Beijing - China's nominal parliament on Saturday approved a
new food safety law designed to stem a recent tide of scandals over
tainted food products.
The Standing Committee of the annual National People's Congress,
which approves policies and laws proposed by the ruling Communist
Party, said the new law would help ensure food safety 'from the
production line to dining table.'
The law provides for a new monitoring and supervision system, a
set of national standards, a recall system and 'severe punishment for
offenders,' the government's official Xinhua news agency reported.
The approval of the law follows 'a spate of food scandals,' the
agency said.
In the biggest recent scandal, two men were sentenced to death and
four others to life in prison last month for their involvement in the
production of melamine-tainted milk that caused the death of six
infants and sickened almost 300,000.
The milk powder scandal was hushed up for several months during
last year's Beijing Olympics and only became public in September,
when hospitals were overcrowded with sick infants.

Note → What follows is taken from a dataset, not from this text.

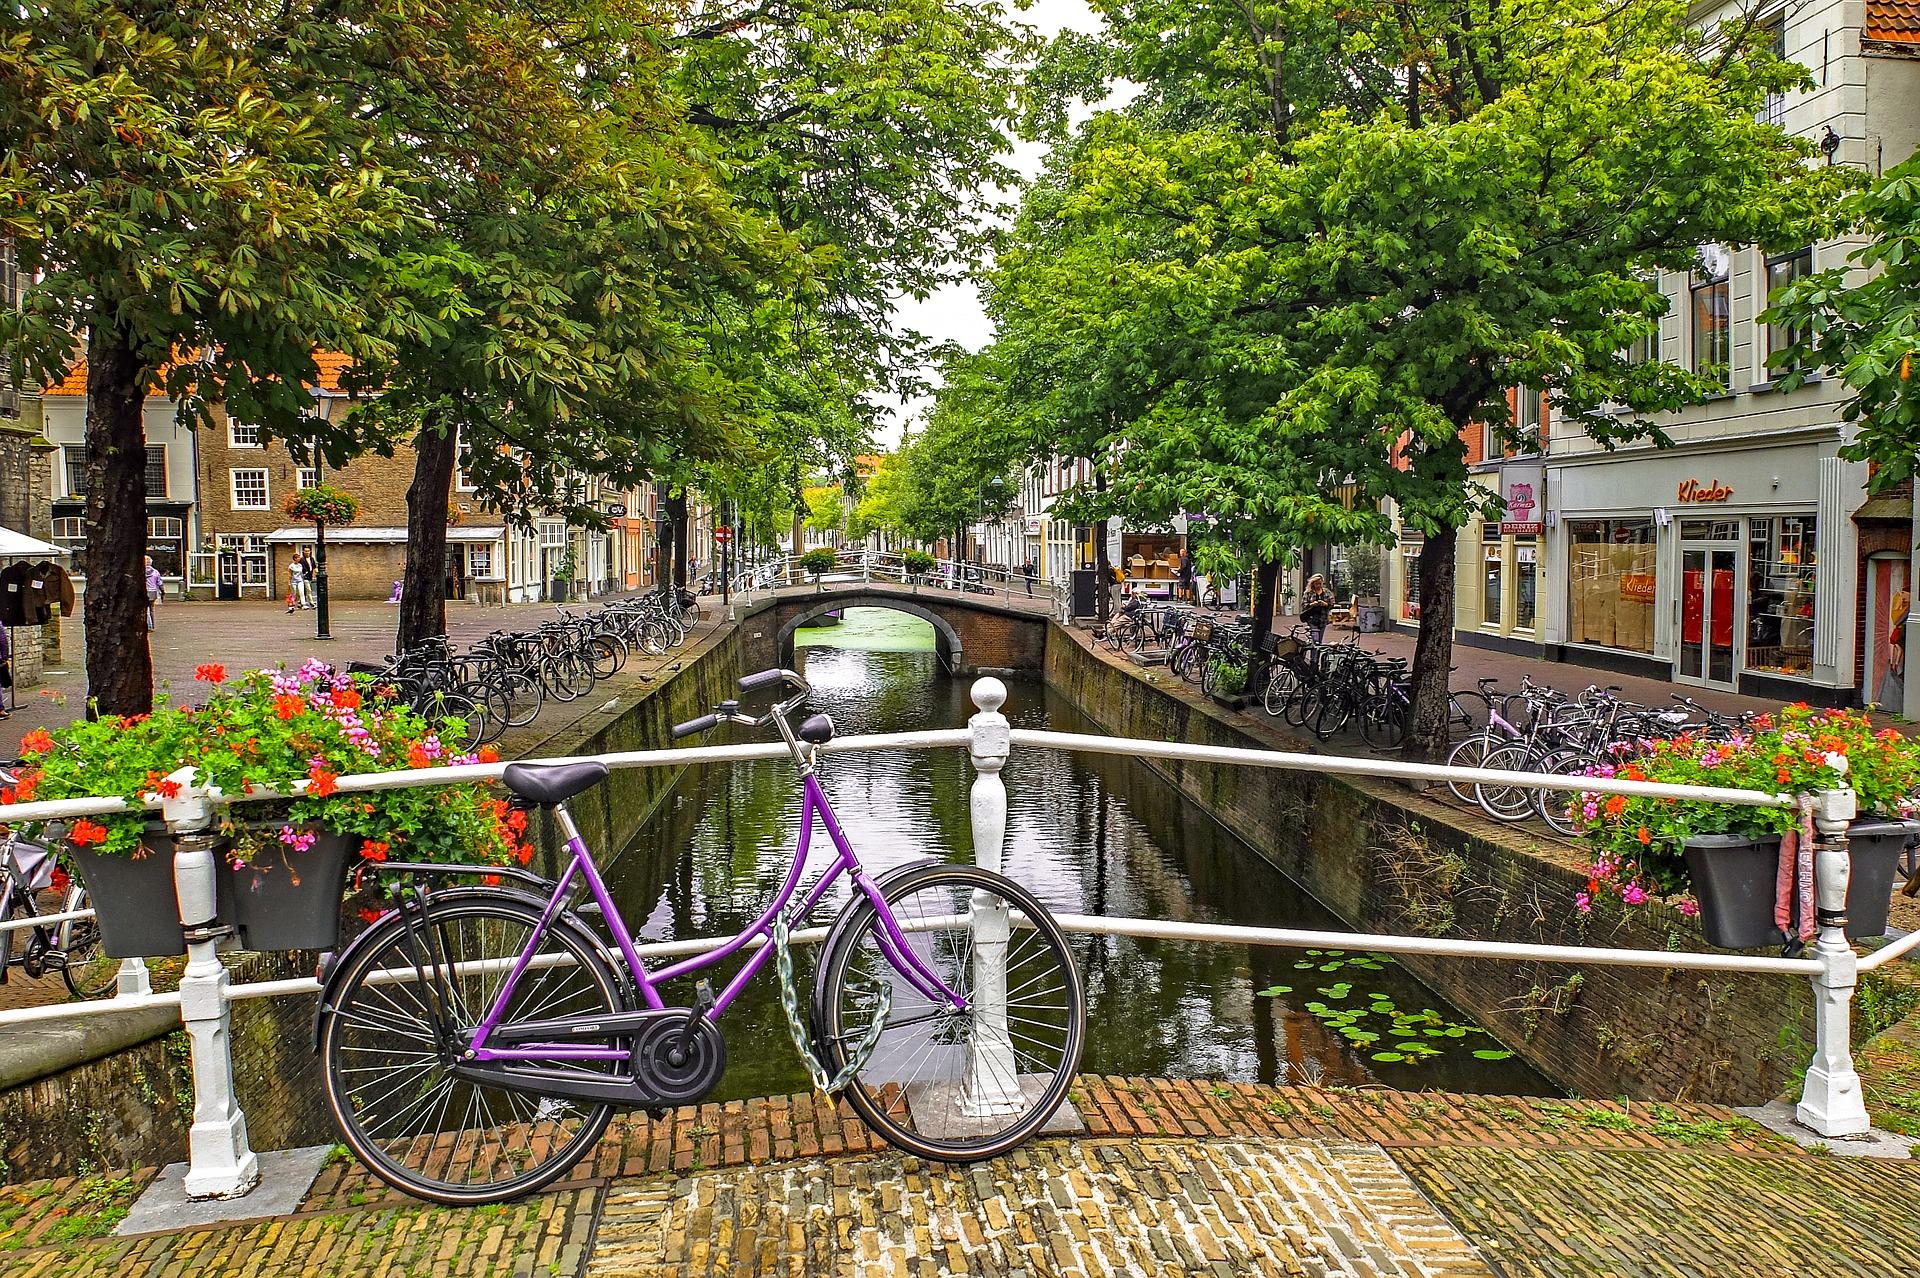 Emerald-Waterways-Canal | AardvarkCompare.com

This month, more than 80 people in the southern province of
Guangdong were sickened after consuming pig offal contaminated with
an illegal feed additive.
'Repeated food safety accidents, such as milk contaminated by
melamine and problematic duck eggs, have made urgent a sound law
regulating the entire process of food production - from growing crops
and raising stock and poultry to the manufacturing of food products,'
the official China Daily newspaper said.
'For consumers, such a law will hopefully stop farmers from using
too much fertilizer, pesticides or other chemicals that may promote
the growth of crops and vegetables at the risk of adverse health
effects,' the newspaper said.
The law also targets advertising, after several celebrities had
appeared in television commercials or milk powder sold by Sanlu, the
main company involved in last year's scandal.
But it could increase food prices because of the cost of stricter
tests on raw materials and tighter control of manufacturing, the
newspaper said.
'It is unrealistic to hope that the adoption of this law will
immediately change the landscape of food safety,' it said.